Each line in the data must be reproduced as written, except for any picture.

- **Supplied information**
>>>>

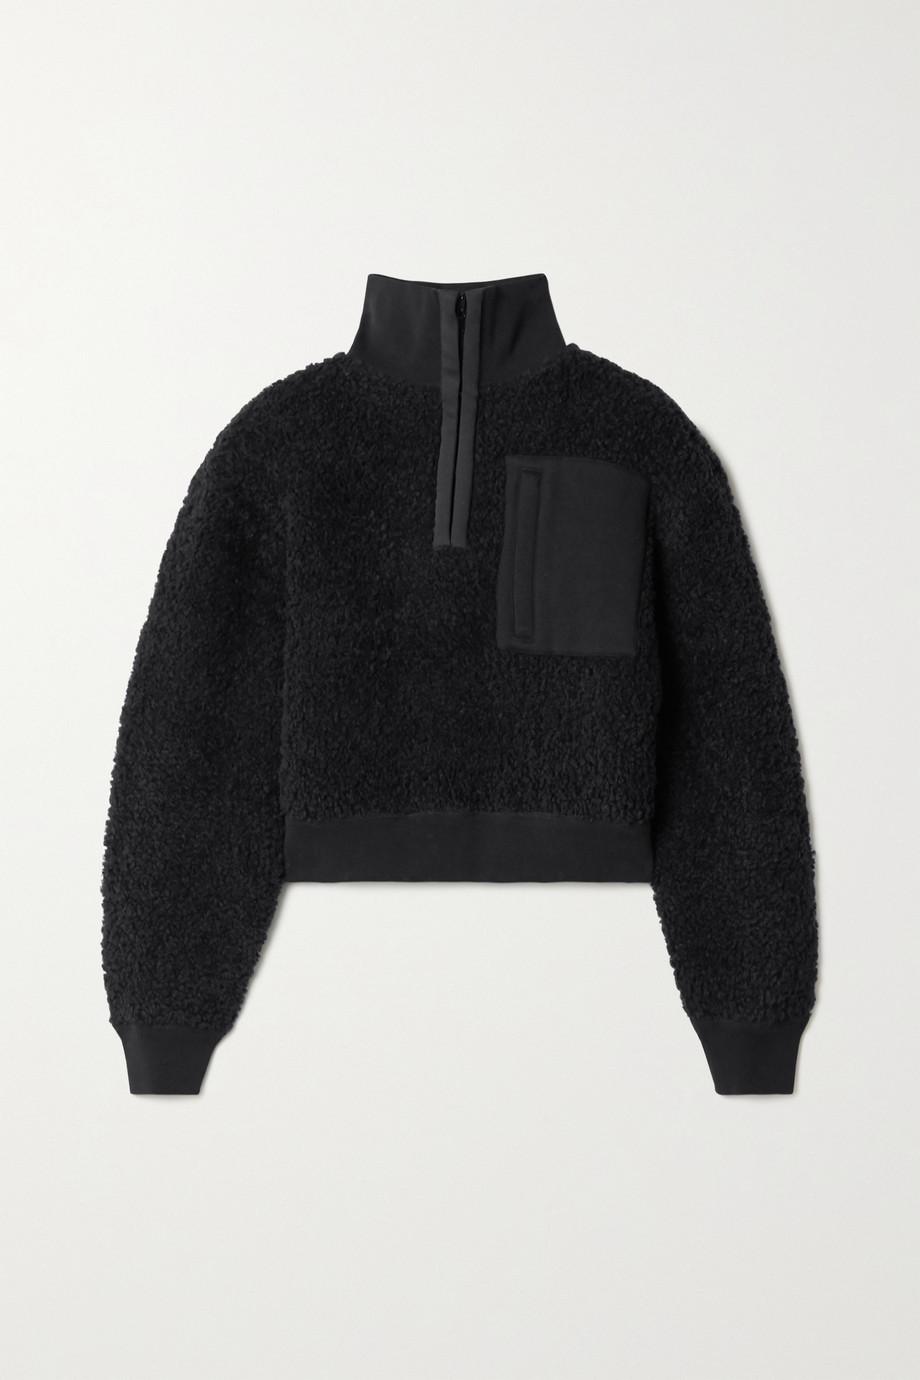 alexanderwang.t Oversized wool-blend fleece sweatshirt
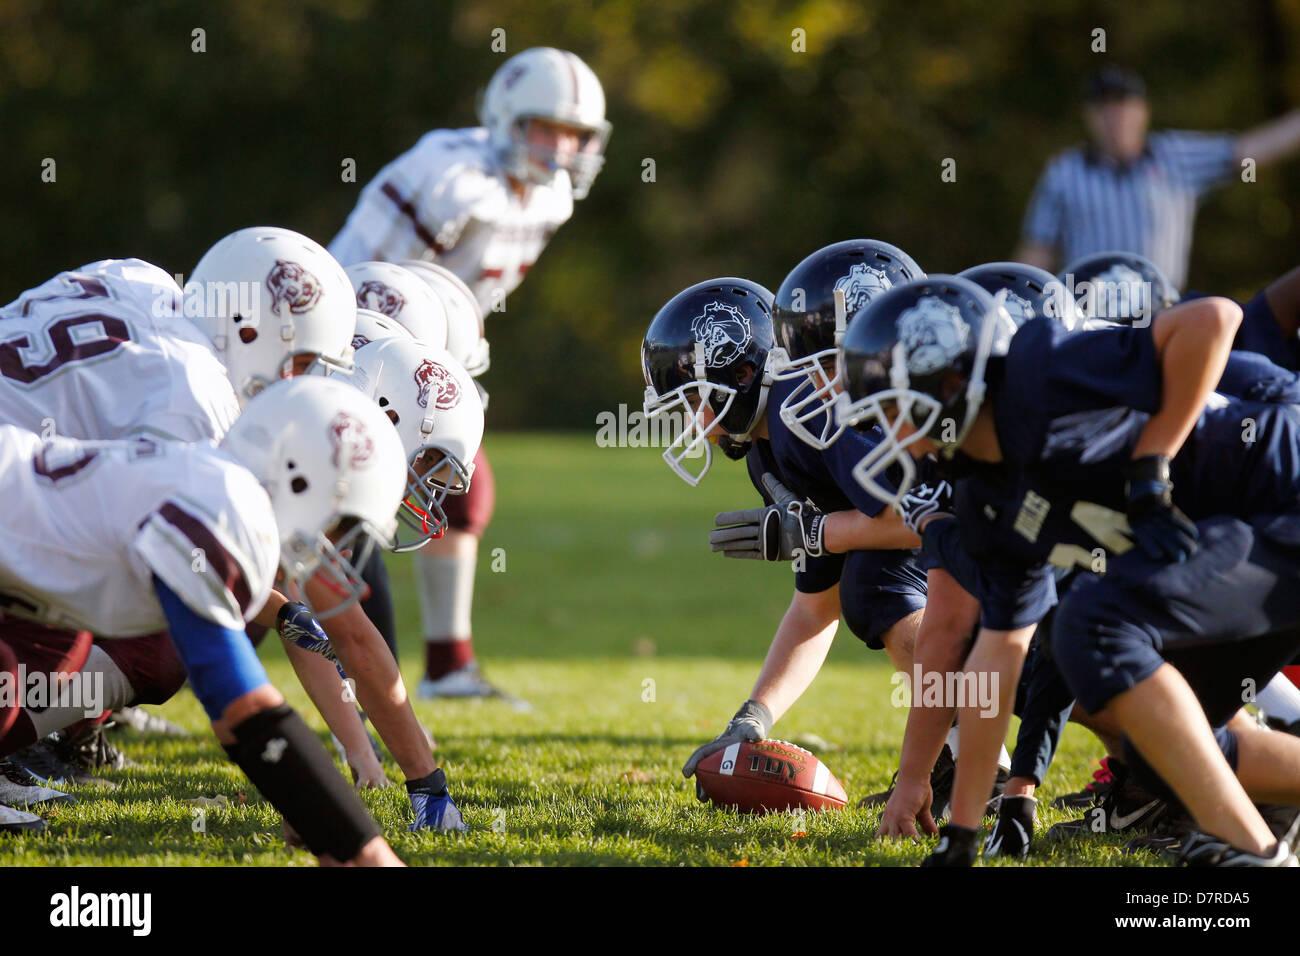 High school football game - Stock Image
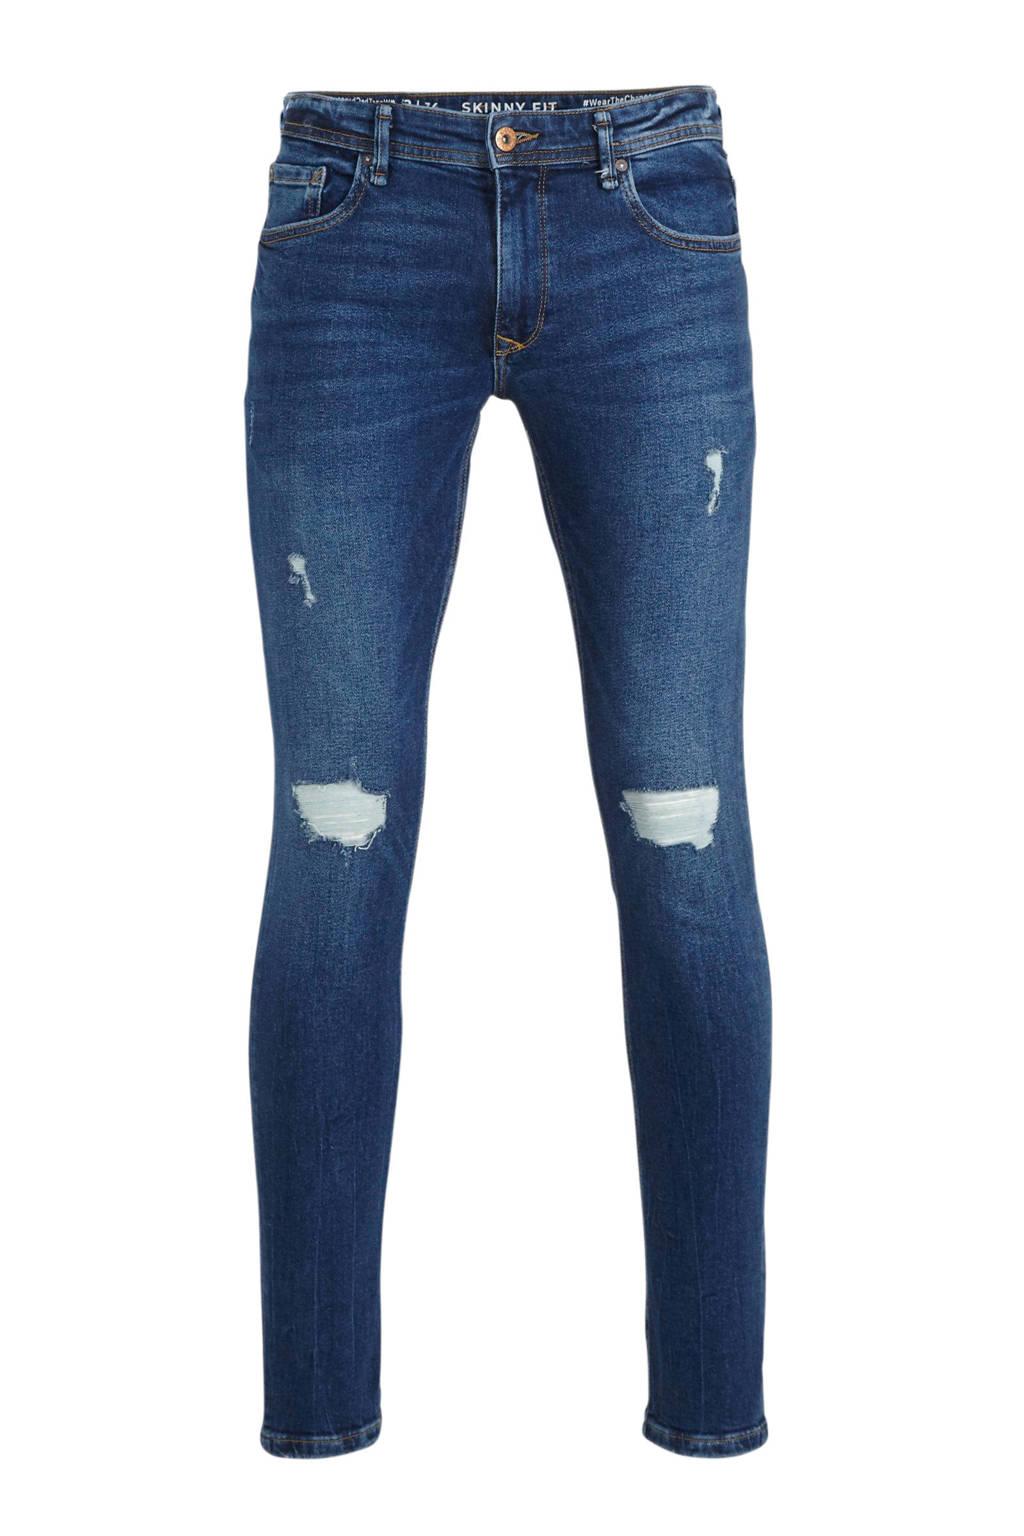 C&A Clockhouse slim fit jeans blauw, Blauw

<<<<

- **Expected output**
 alexanderwang.t Oversized wool-blend fleece sweatshirt
 High school football game - Stock Image
 C&A Clockhouse slim fit jeans blauw, Blauw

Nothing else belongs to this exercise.